_Provided material_

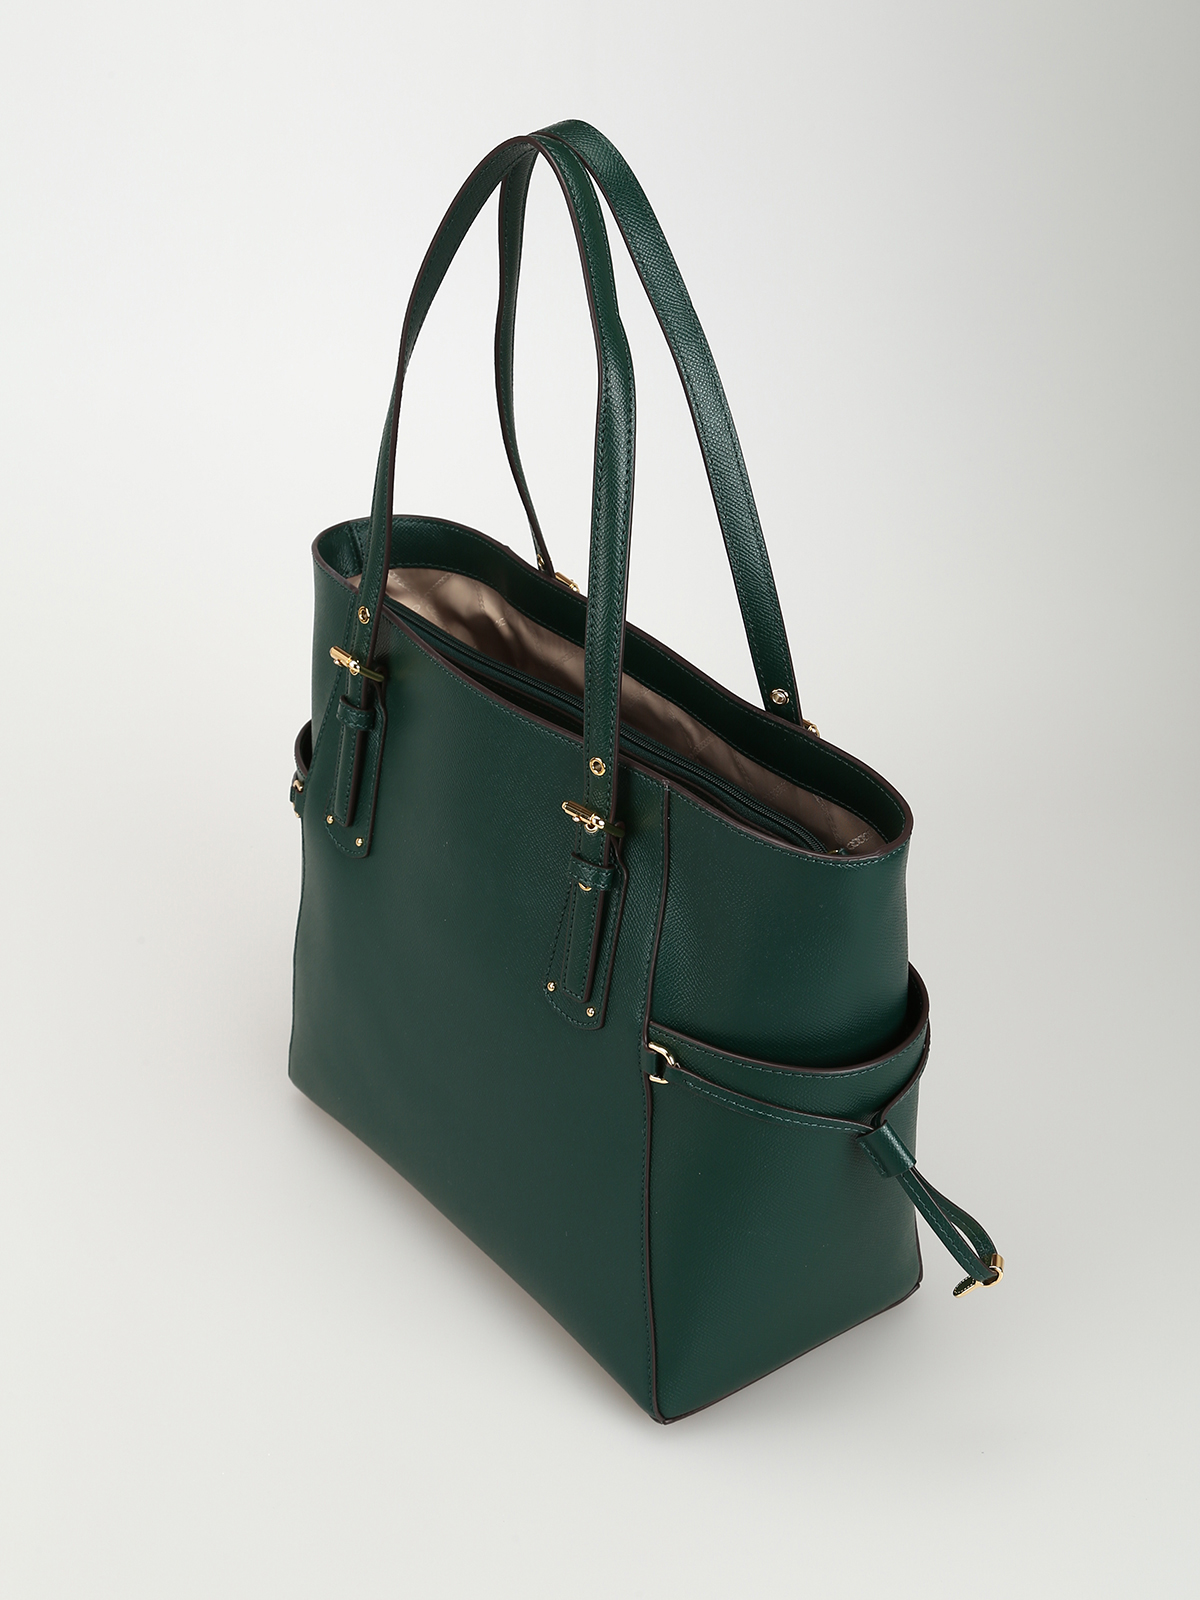 green grainy leather bag - totes bags 
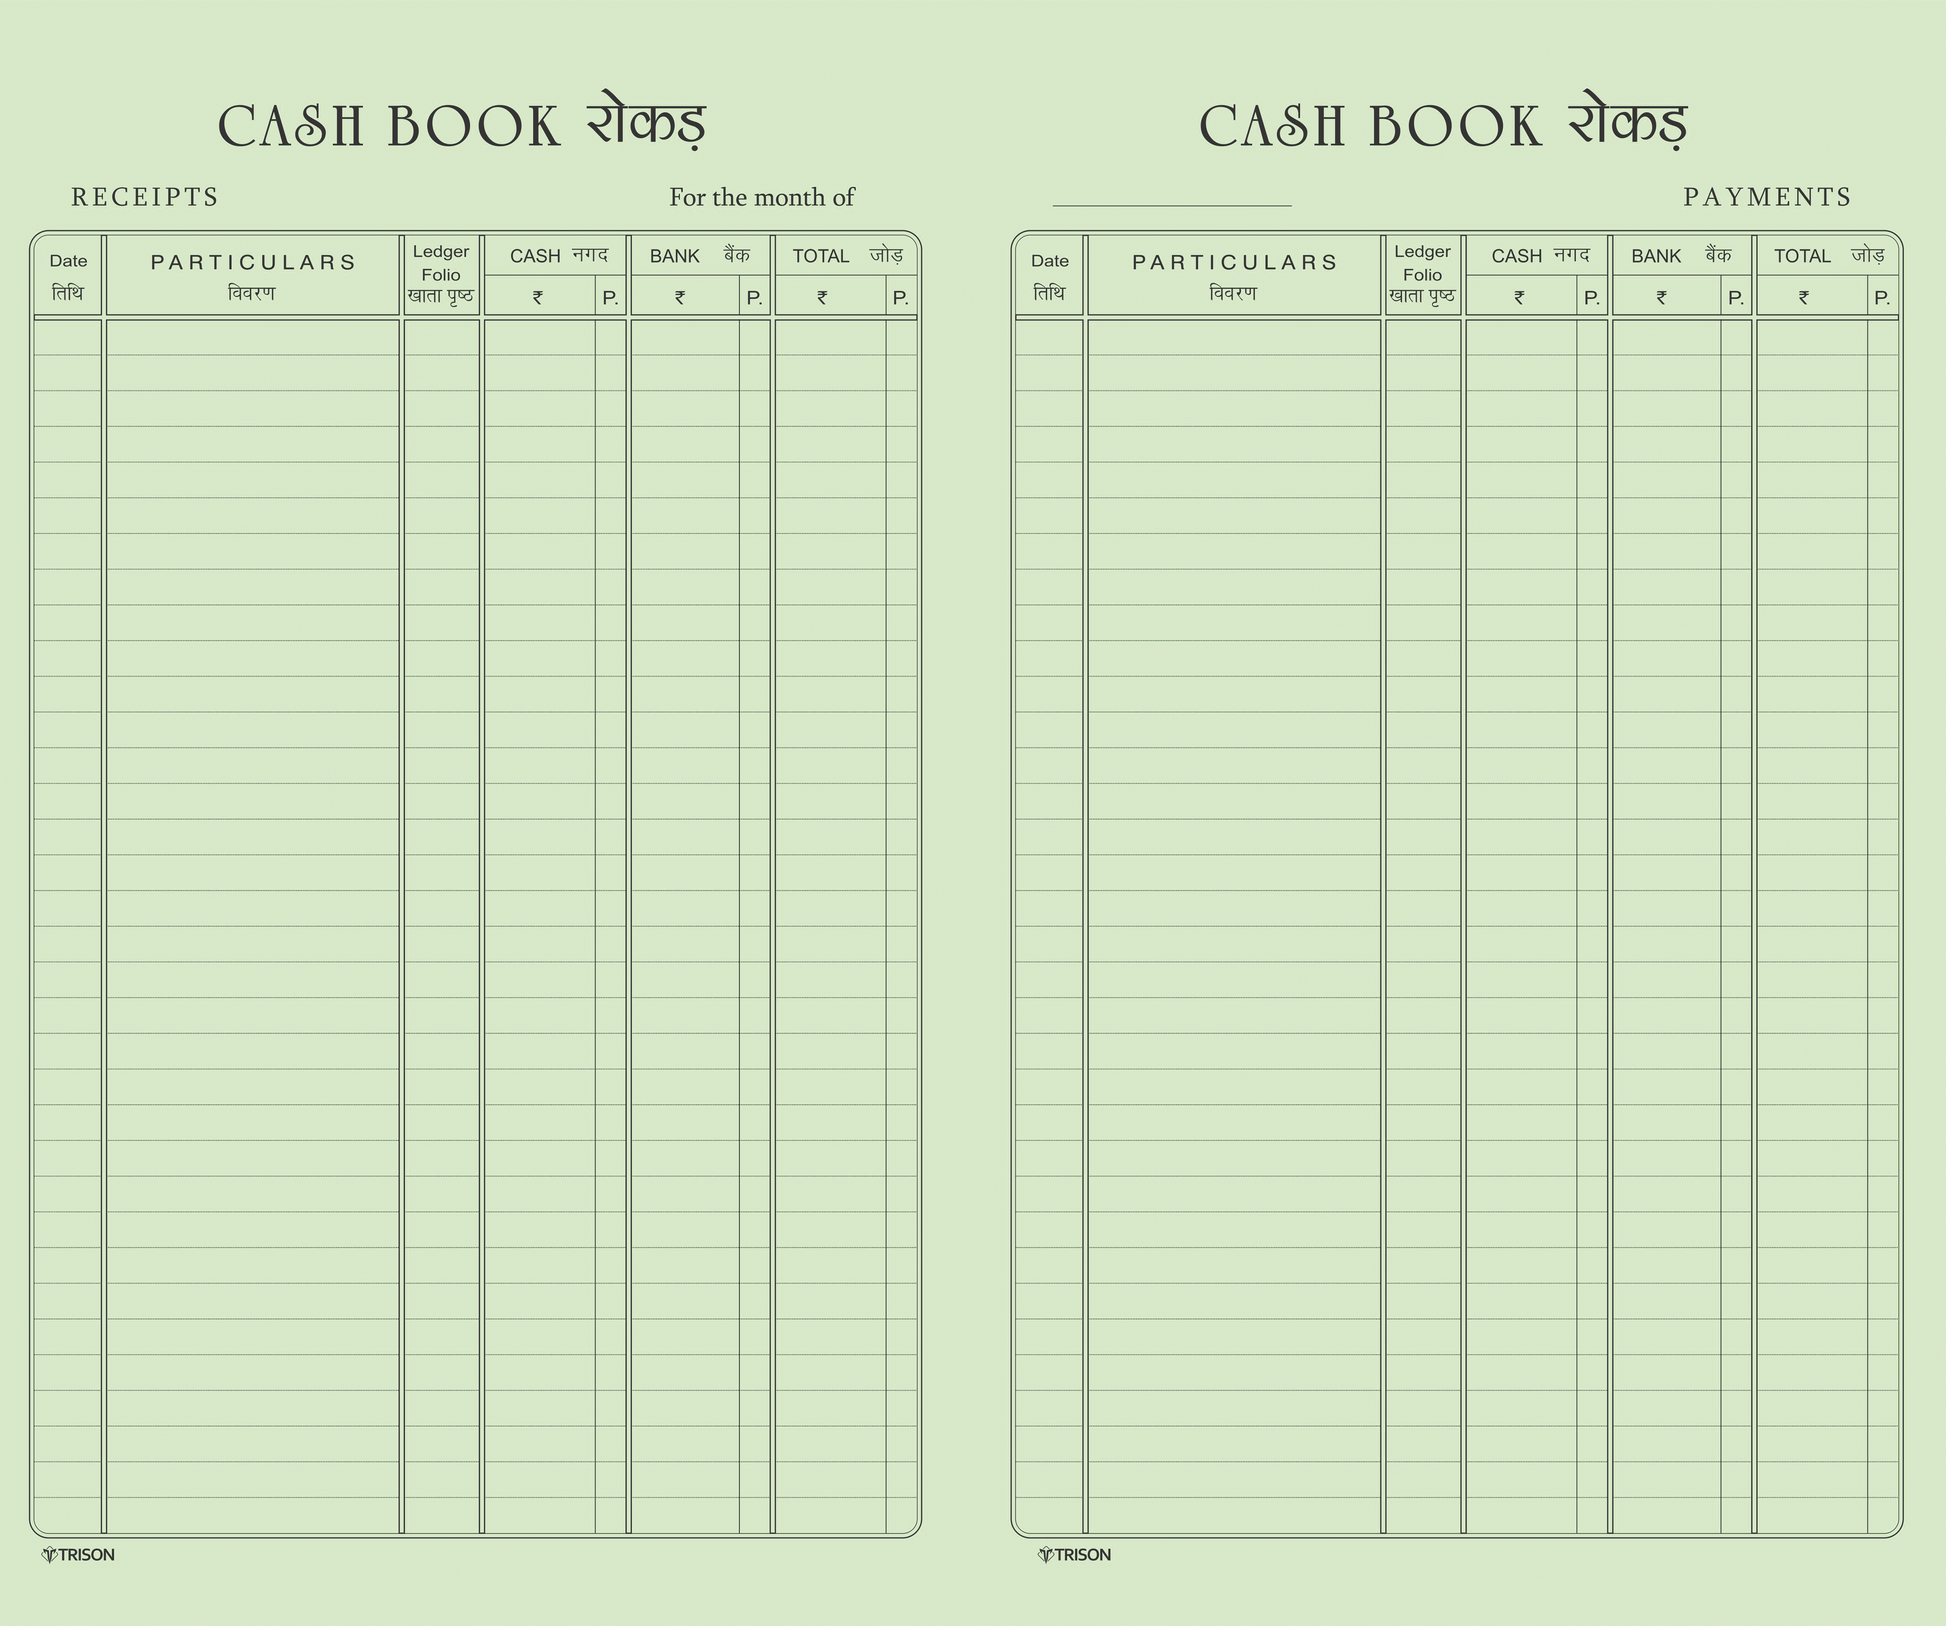 Trison Cash Book (premium quality) | Available in Red Binding (R/B), White Binding (L/B) & Ordinary Binding (O/B) | 70 65 GSM | Green ledger paper | Size: 21.5x34 cm & 19.5 x 32.5 cm | Superior cloth hardbound | Gloss laminated printed cover | PVC rexine cover | Available in No./Pages: 1/64,  2/128, 3/192, 4/256, 5/360, 6/432, 8/576, 10/720 & 12/864 | Comes with Index page | Also known as Kona pusta binding| cashbook | cash copy | cash book | ca | rokkar | rokad | rokda
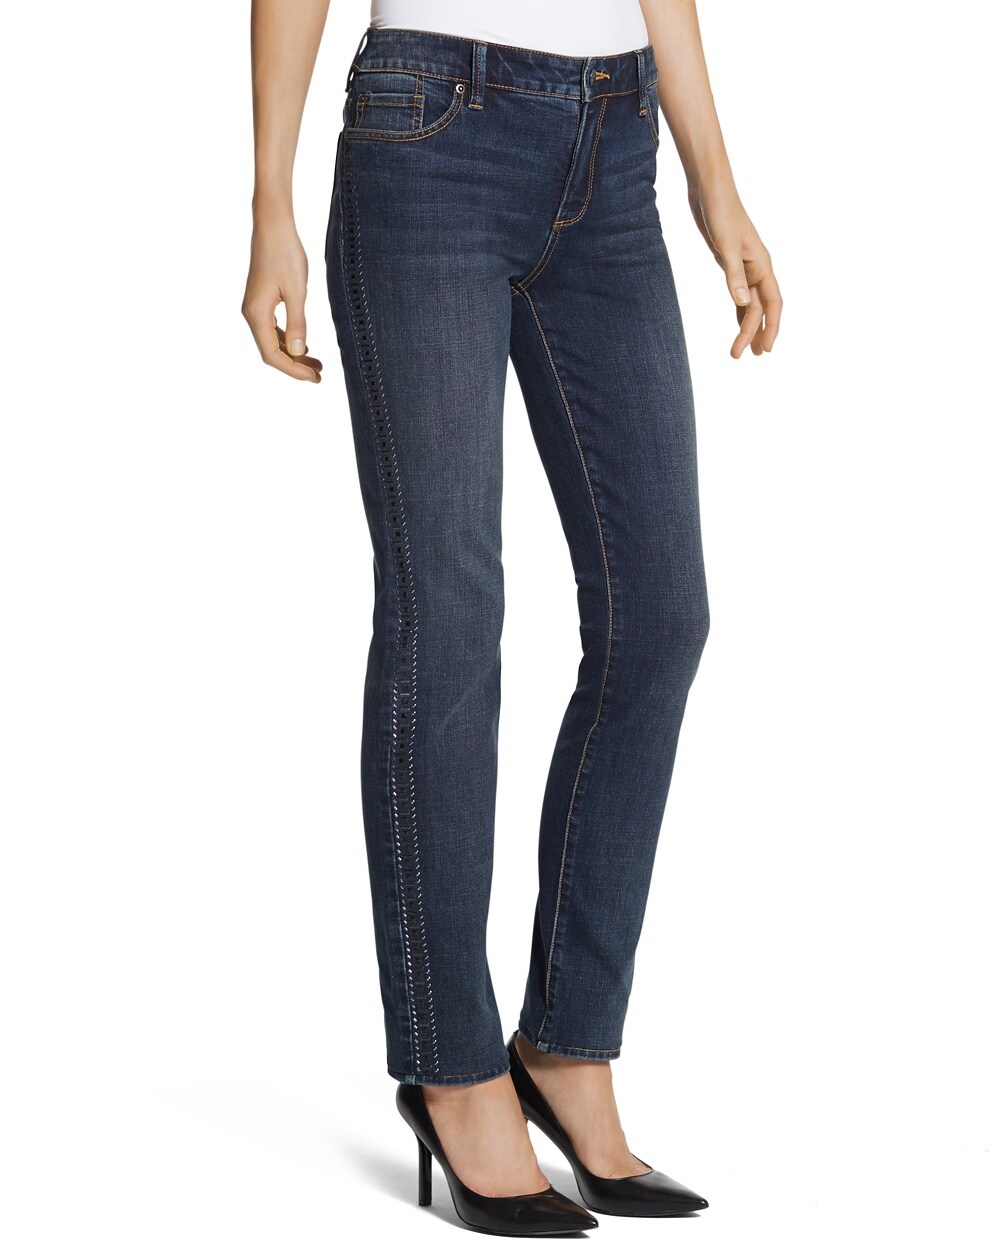 by Chico’s Side Embellished Jeans - Chico's

_What the task requires_
With pictures excluded, restate word for word the lines from the one that contains "Trison Cash Book" through the end of the material, inclusive, and nothing more.

_Task solution_
 Trison Cash Book (premium quality) | Available in Red Binding (R/B), White Binding (L/B) & Ordinary Binding (O/B) | 70 65 GSM | Green ledger paper | Size: 21.5x34 cm & 19.5 x 32.5 cm | Superior cloth hardbound | Gloss laminated printed cover | PVC rexine cover | Available in No./Pages: 1/64,  2/128, 3/192, 4/256, 5/360, 6/432, 8/576, 10/720 & 12/864 | Comes with Index page | Also known as Kona pusta binding| cashbook | cash copy | cash book | ca | rokkar | rokad | rokda
 by Chico’s Side Embellished Jeans - Chico's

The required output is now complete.